BP ‘exploring’ in known ANS fields

Company uses technology to access vertical ‘string of pearls’ above lighter oil; heavy oil, especially Ugnu, remain challenged

Kristen Nelson

Petroleum News

BP Exploration (Alaska), no longer active in traditional exploration in Alaska, is focused on exploring for — and recovering — resources at Prudhoe Bay through technology.

BP is a successful explorer worldwide, Scott Digert, the company’s resource manager for full-field waterflood in the Greater Prudhoe Bay business unit, told Petroleum News.

The company has “done really, really well in remote basins,” areas like the deepwater Gulf of Mexico and the deepwater off Angola, Digert said. But in Alaska, it wasn’t “seeing that same sort of success.”

BP is now focusing on where it thinks the big remaining resources are in Alaska — and that’s “around the existing oil fields,” Digert said, undeveloped oil at the BP-operated Prudhoe Bay field and heavy oil across the slope.

“We actually know where it is. The problem is getting it out,” he said.

Frank Paskvan, Prudhoe Bay western region subsurface development manager, said “BP globally is amongst the top tier of world-class exploration companies.” BP wants to be not just the world’s best explorer, but “the world’s best explorer and recoverer of oil,” he said.

At Prudhoe Bay, with 30 years of development, there have been “a series of projects, wells, reservoir techniques and facility expansions that have substantially improved our ultimate recovery,” Paskvan said.

More oil has been recovered to date at Prudhoe than was estimated for total recovery when the field went online in 1977.

Original oil in place at Prudhoe Bay was 22.6 billion barrels of oil, Digert said. The original estimate was that about 42 percent of Prudhoe oil could be recovered, some 9.5 billion barrels; to date, more than 11 billion barrels have been produced.

The belief now is that another 2 billion to 2.1 billion barrels, can be recovered, he said.

“We know where the oil was to start — before we started moving things around — so now the question is, of the oil that’s left, where is it?”

One thing that helps with oil recovery is three-dimensional seismic with its “much finer vertical resolution.” Faults can be seen on a smaller scale, Digert said, probably around 20 feet vs. 60 feet originally.

Four-dimensional seismic, comparing seismic with that shot earlier over the same area, can show “changes in fluids or pressure from the injection that we’ve done,” he said, and “… helps you identify where are the pockets that you’re not sweeping out” either in the gravity drainage area or with water. “And now you can start targeting the sidetracks into these smaller and smaller remaining pockets of oil.”
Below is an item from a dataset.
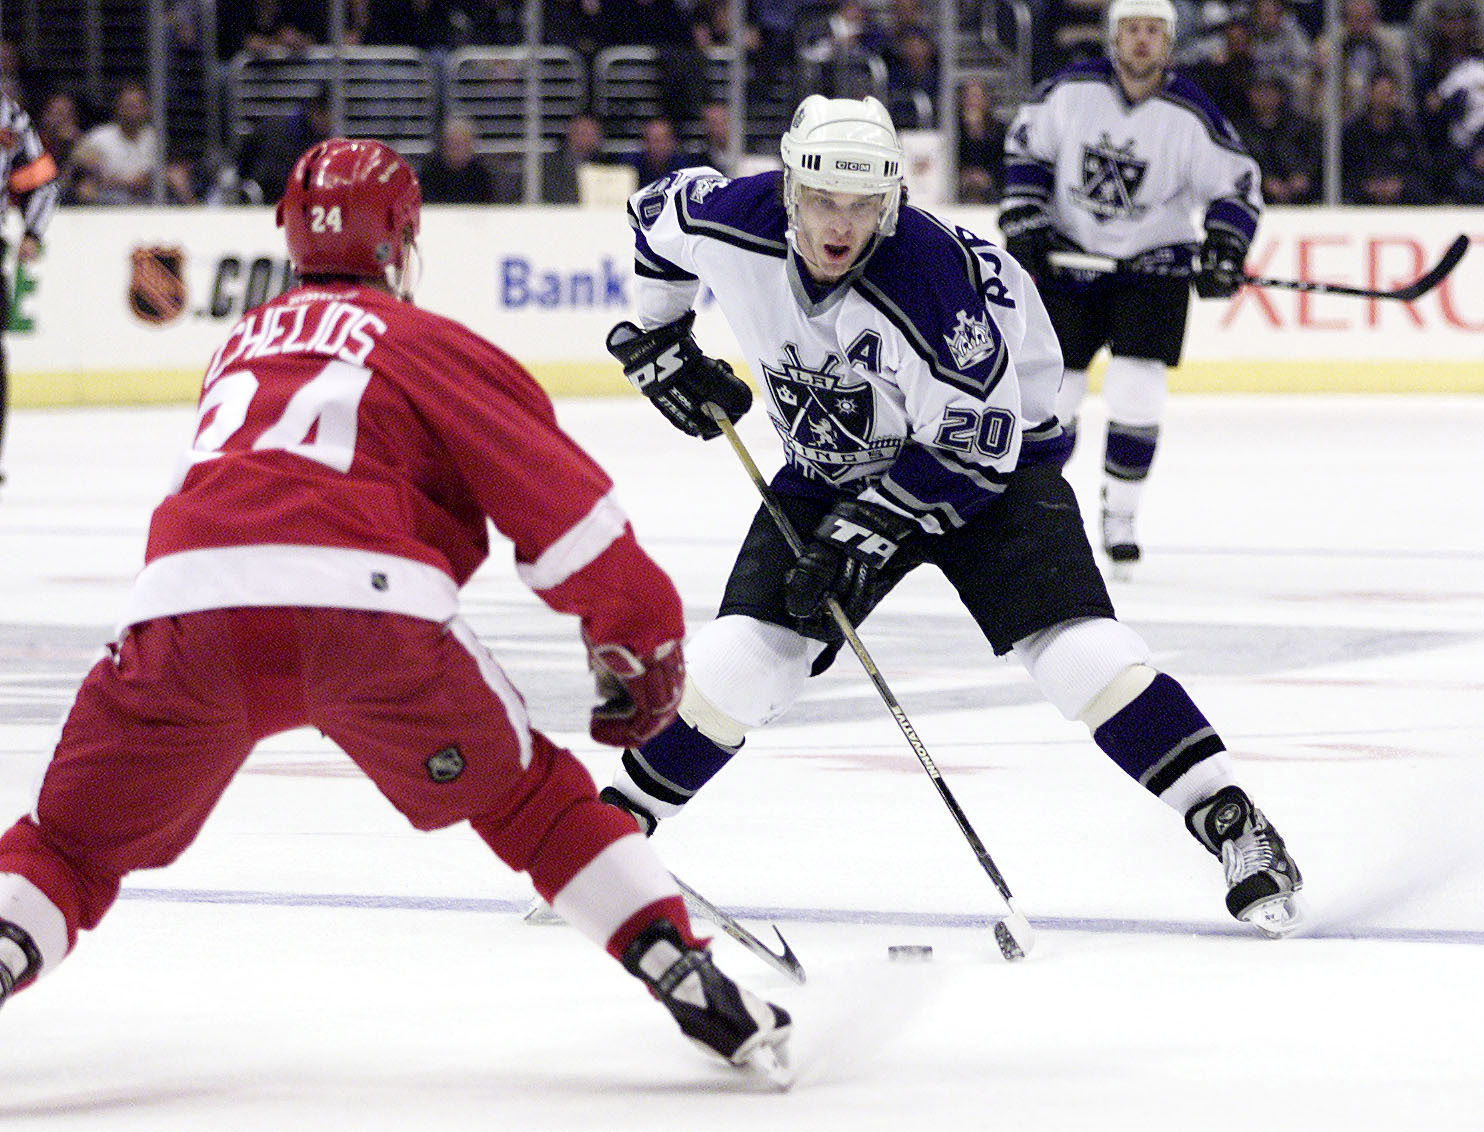 23 Apr 2001: Luc Robitaille #20 of the Los Angeles Kings moves the puck against the defense of Chris Chelios #20 of the Detroit Red Wings in Game Six of the NHL Western Conference Playoffs Quarterfinals at the Staples Center in Los Angeles, California. DI

And with new technologies — coiled tubing drilling and multilateral wells — “you can now start to envision how you can actually target these smaller and smaller pools, things that we couldn’t have even done two or three years ago.”

2,500 wells drilled

Information on remaining oil also comes from “a pretty active appraisal and delineation effort within Prudhoe,” Paskvan said. Some 2,500 wells have been drilled, and starting in the mid-‘90s, BP did appraisal drilling “on what you might call initially discovered satellite reservoirs.”

This included delineating the western satellite pools — Aurora, Borealis, Orion and Polaris and it also included the Put reservoir, “an accumulation that was included in the (Prudhoe Bay) initial participating area,” he said.
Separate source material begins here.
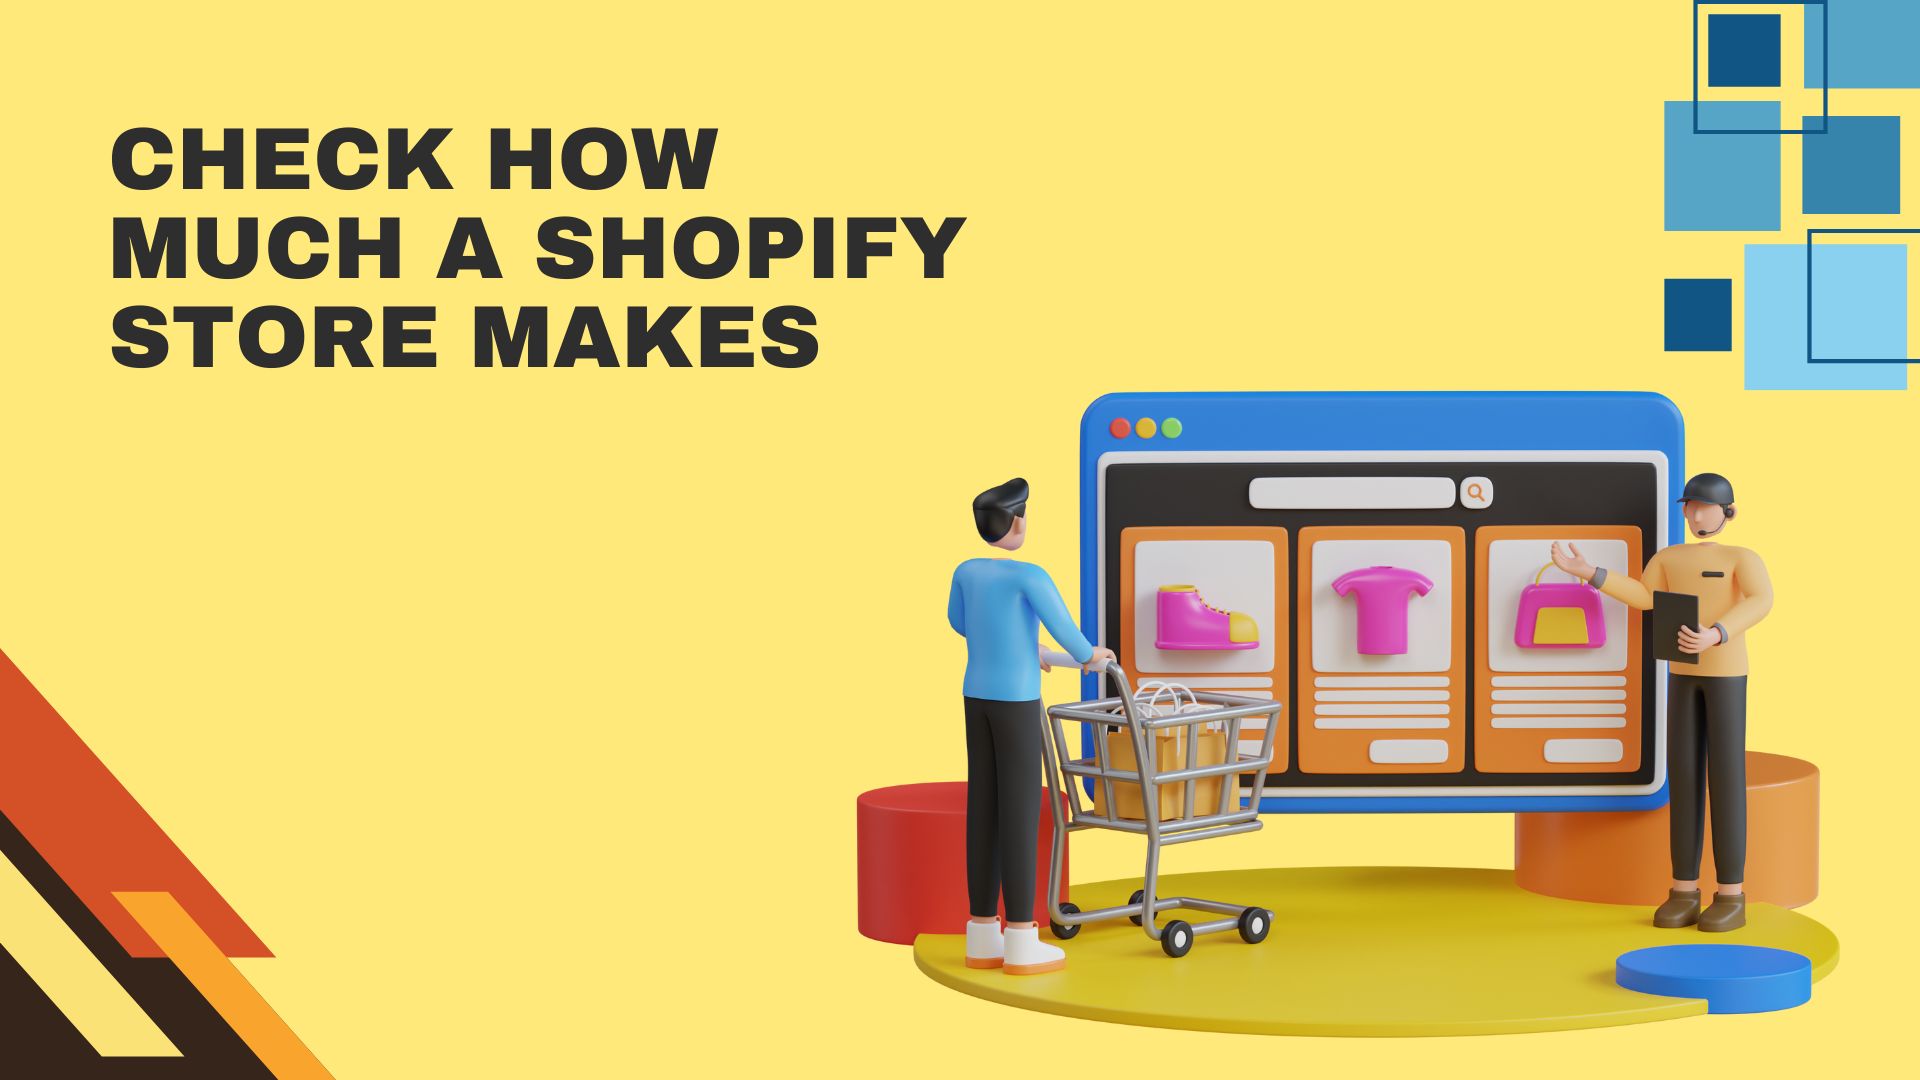 Check How Much a Shopify Store Makes

The Put, now on production, was found in early field drilling.

“We’ve gone back in the last half-dozen years, figured out where that hydrocarbon is gas and where that hydrocarbon is oil; where the reservoir quality is the best and where it’s not so good; where we should put in water injectors; and where we should put in oil producers,” Paskvan said.

“The Sag River formation falls in exactly the same category,” Digert said. “It’s something that we’ve known about; we’ve drilled through it.” The Sag is minor compared to the Ivishak — the major producing formation at Prudhoe — and sits right above it. It’s “much tighter. It’s still nice, light oil, but it’s a much more difficult reservoir to produce from. It’s thin and tends to be broken up by the faulting more; and it’s much less productive.” When Sag River is commingled with Prudhoe Bay Ivishak production, Sag may only be contributing 1 to 2 percent of the total.
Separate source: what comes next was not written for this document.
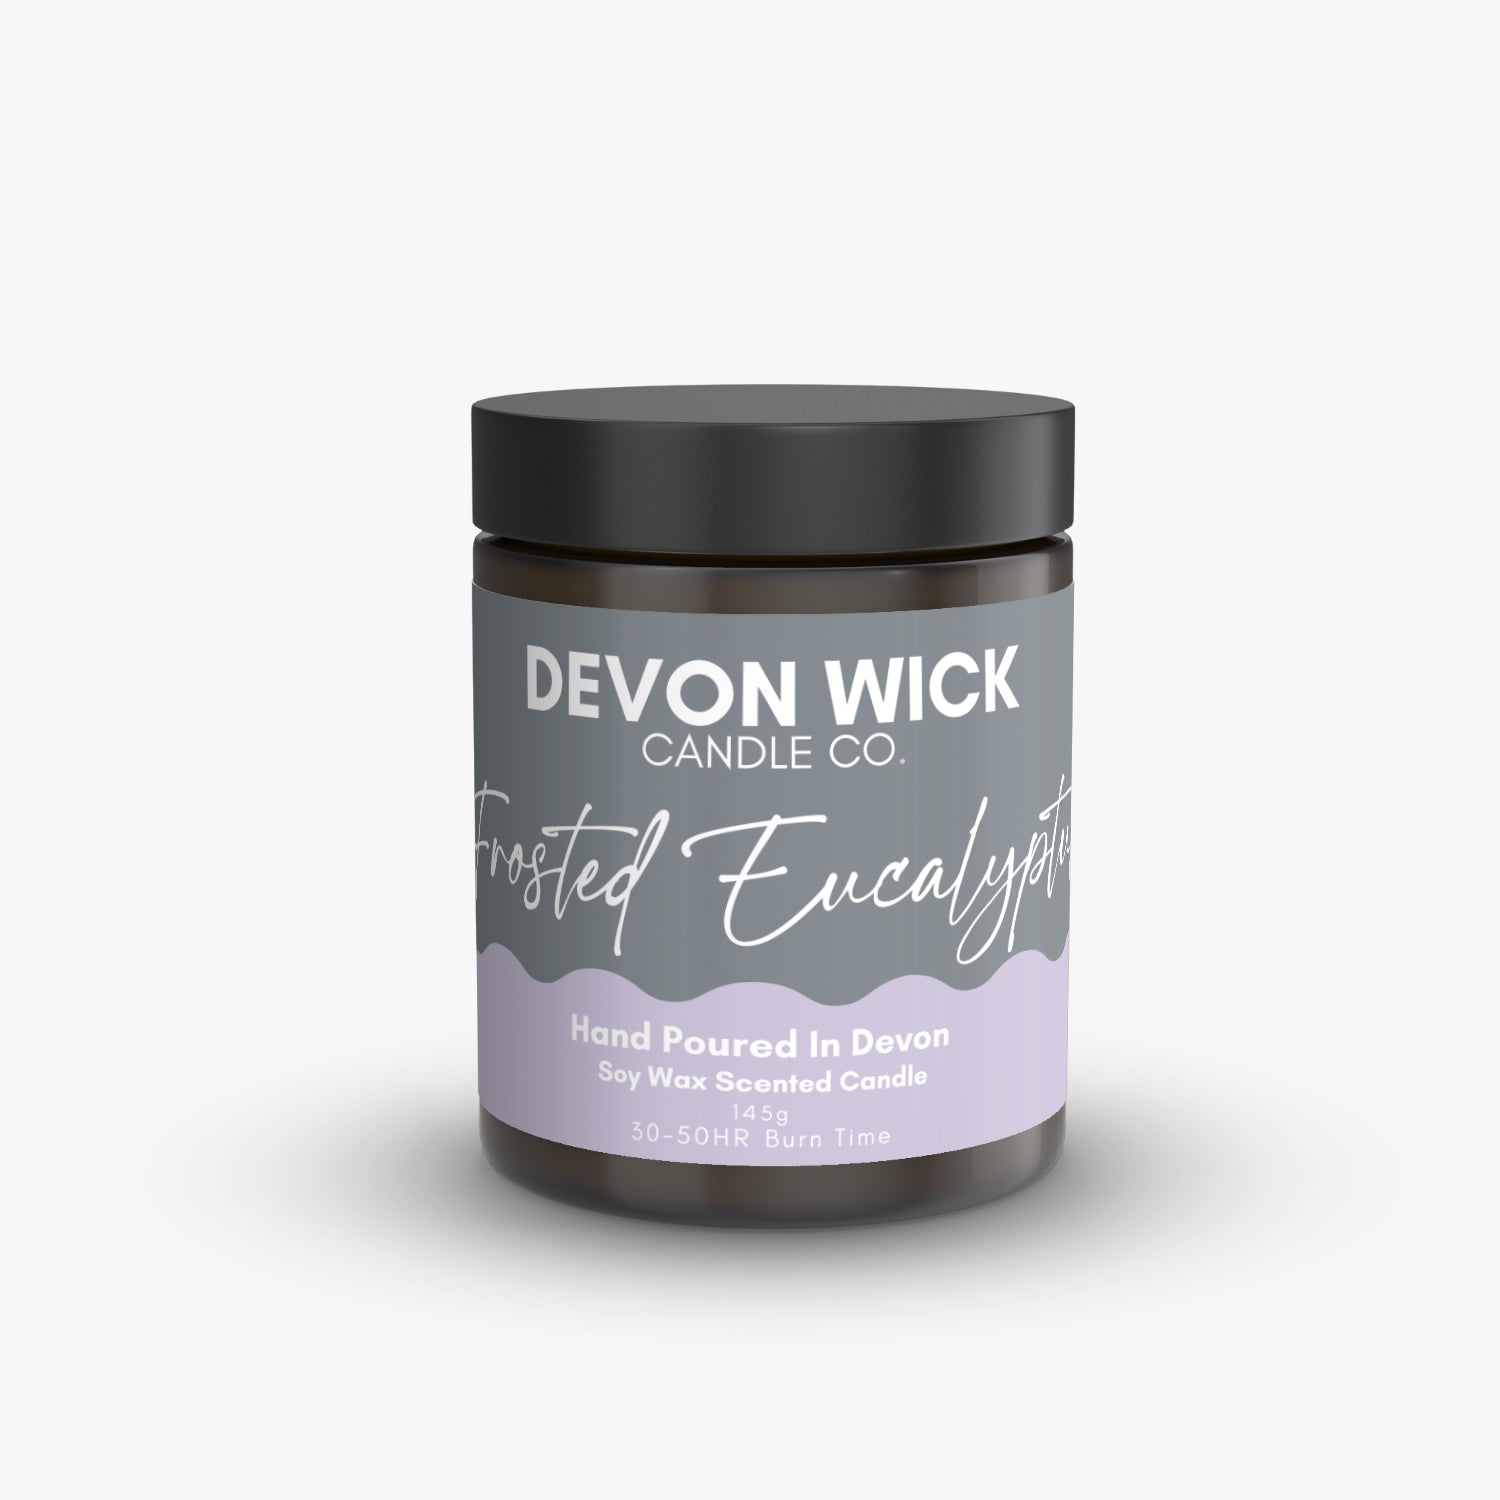 Devon Wick Candle Co. Limited Frosted Eucalyptus Soy Wax Candle

But it’s being targeted now with horizontal wells, Digert said.

Where are more than a billion barrels of oil in place in the Sag, said Paskvan: “We’re still working on technologies to make that actually work.”

Digert said the recovery factor for the Sag will probably only be a few percent of the billion-plus barrels in the formation.

The best Sag recovery has been “adjacent to the gas cap where continued gas reinjection provides pressure support. Waterflooding of that reservoir is very difficult because it’s low-low permeability,” Paskvan said.

The Sag has been targeted at the Milne Point field, Digert said, where there isn’t a gas cap. Out of a dozen Sag wells drilled at Milne, only one is currently producing. “So it’s very difficult.”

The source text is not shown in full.